Production and delivery of antibody fragments agai.. (LACTOBODY)
Production and delivery of antibody fragments against gastrointestinal pathogens by lactobacilli
Start date: 01 Feb 2008,
End date: 30 Apr 2012
"Enteric infections remain a major cause of morbidity and mortality globally, accounting for an estimated 2 millions deaths each year. Effective preventive and therapeutic interventions are not yet available for many etiological agents of diarrheal diseases. Furthermore, even where vaccines are available, the lag time needed to induce an immune response can be critical in epidemic situations. We have developed a model system in which Lactobacillus, a GRAS microorganism, can be transformed with antibody fragment encoding vectors. This allows the production of functional single-chain antibodies against mucosal pathogens in situ. These antibody fragments retain their biological properties in vivo and may mitigate or prevent disease.
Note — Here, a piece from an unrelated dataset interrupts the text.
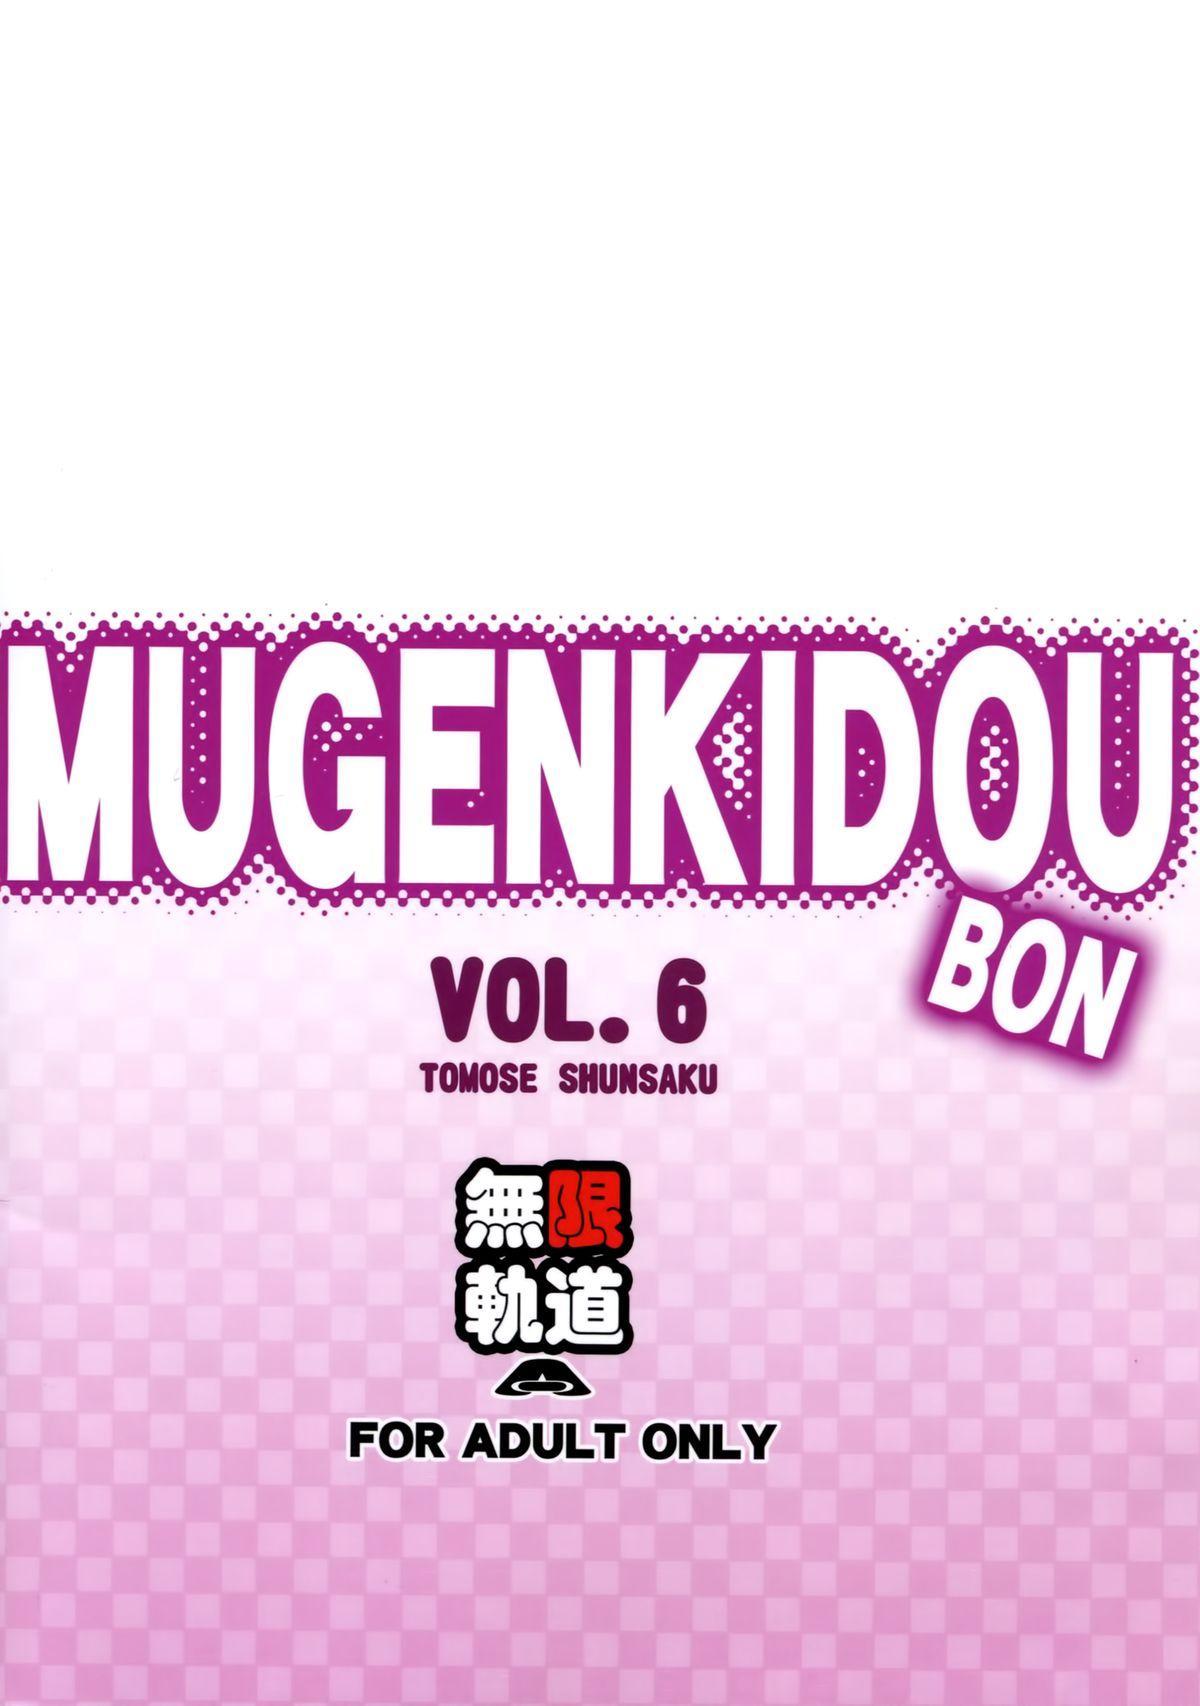 MUGENKIDOUBON! Vol. 6 14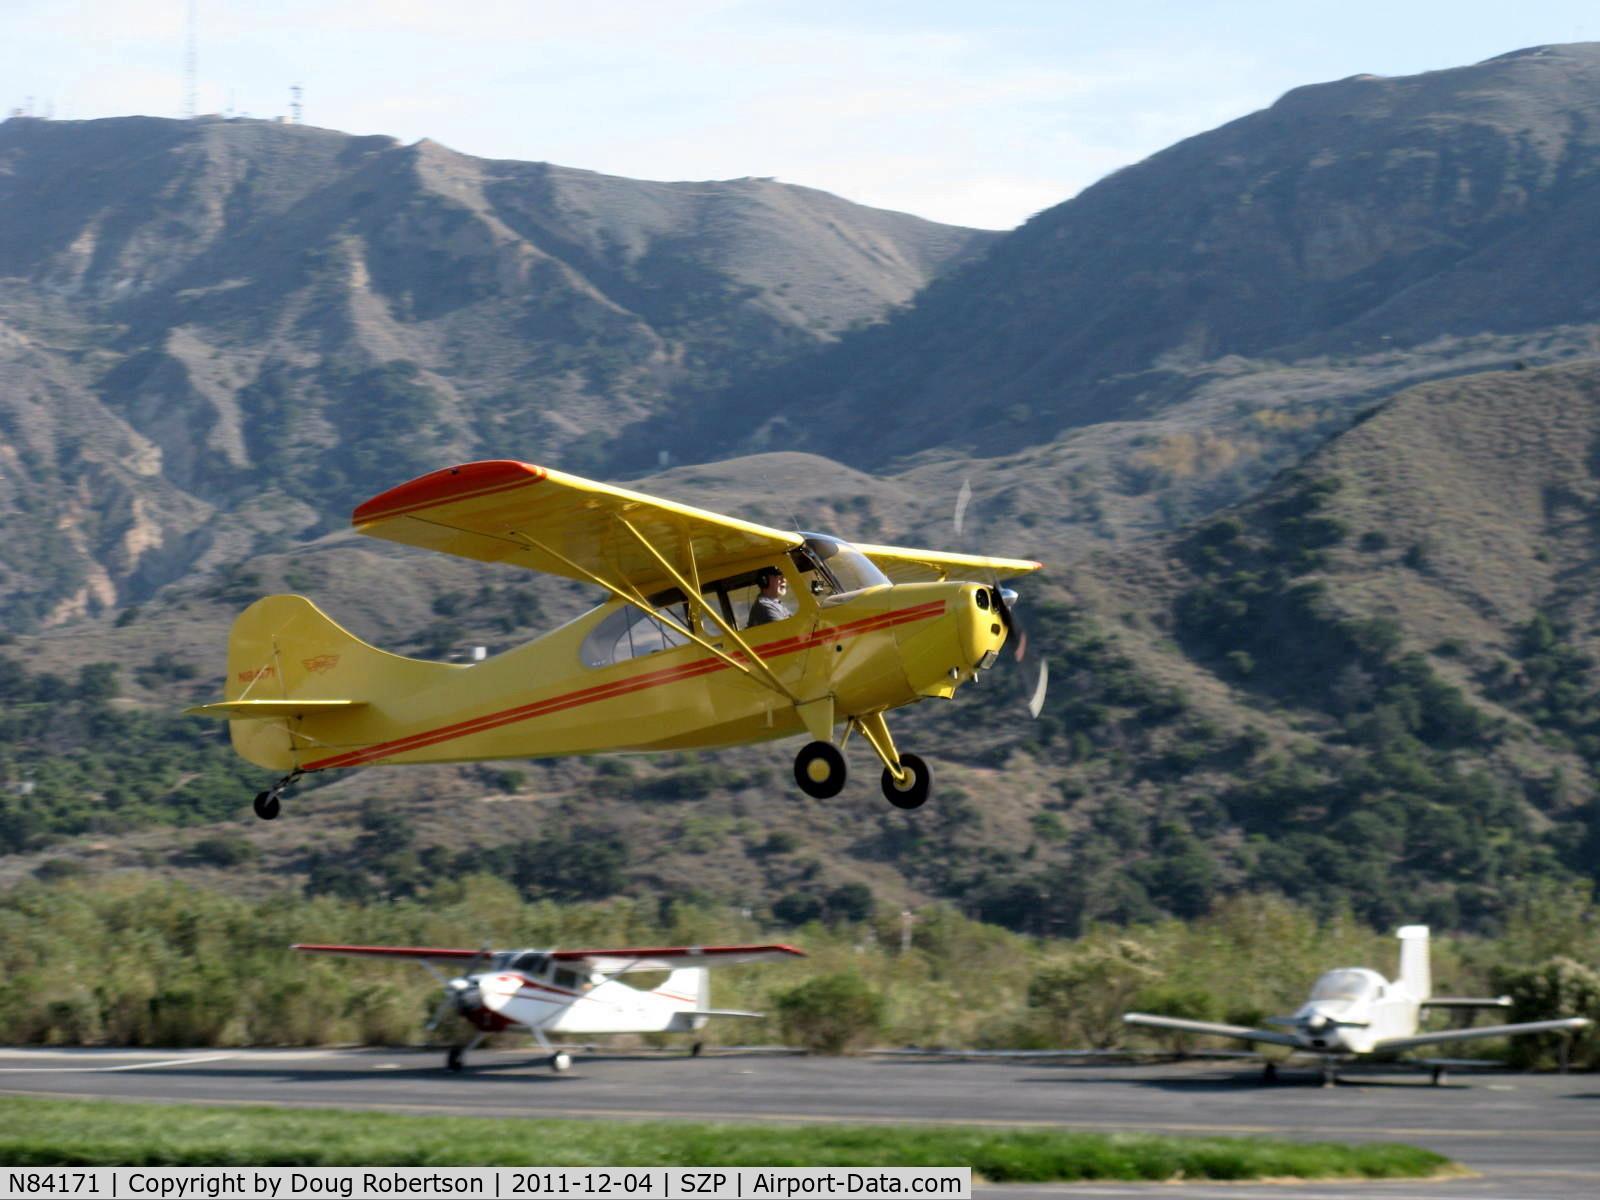 N84171, 1946 Aeronca 7AC Champion C/N 7AC-2859, 1946 Aeronca 7AC CHAMPION, Continental A&C65 65 Hp, takeoff climb Rwy 22

The aim of this project is to develop an effective treatment against rotavirus and Clostridium difficile based on lactobacilli producing VHH and scFv antibody fragments. As a proof of principle, a lead VHH fragment against rotavirus will be tested in a human clinical trial in India. In parallel, we will generate, select and express scFv and VHH fragments against the gastrointestinal pathogens rotavirus and C. difficile in lactobacilli. The modified bacteria will be tested for their protective capacity in animal models. The genes encoding the antibody fragments will further be cloned using food grade and biologically contained expression systems and these lactobacilli will be tested for safety in a human clinical trial. Our approach, which falls into the priority ""Innovative approaches and interventions"" and the work program ""Development and production of new generation antibodies"" represents a novel system for the induction of passive immunity that can be rapidly applied to populations at risk (for example through the drinking water, rehydrating solution or as a food supplement). If successful, this project could be applied to therapy against a vast number of human/animal pathogens in the gastrointestinal tract."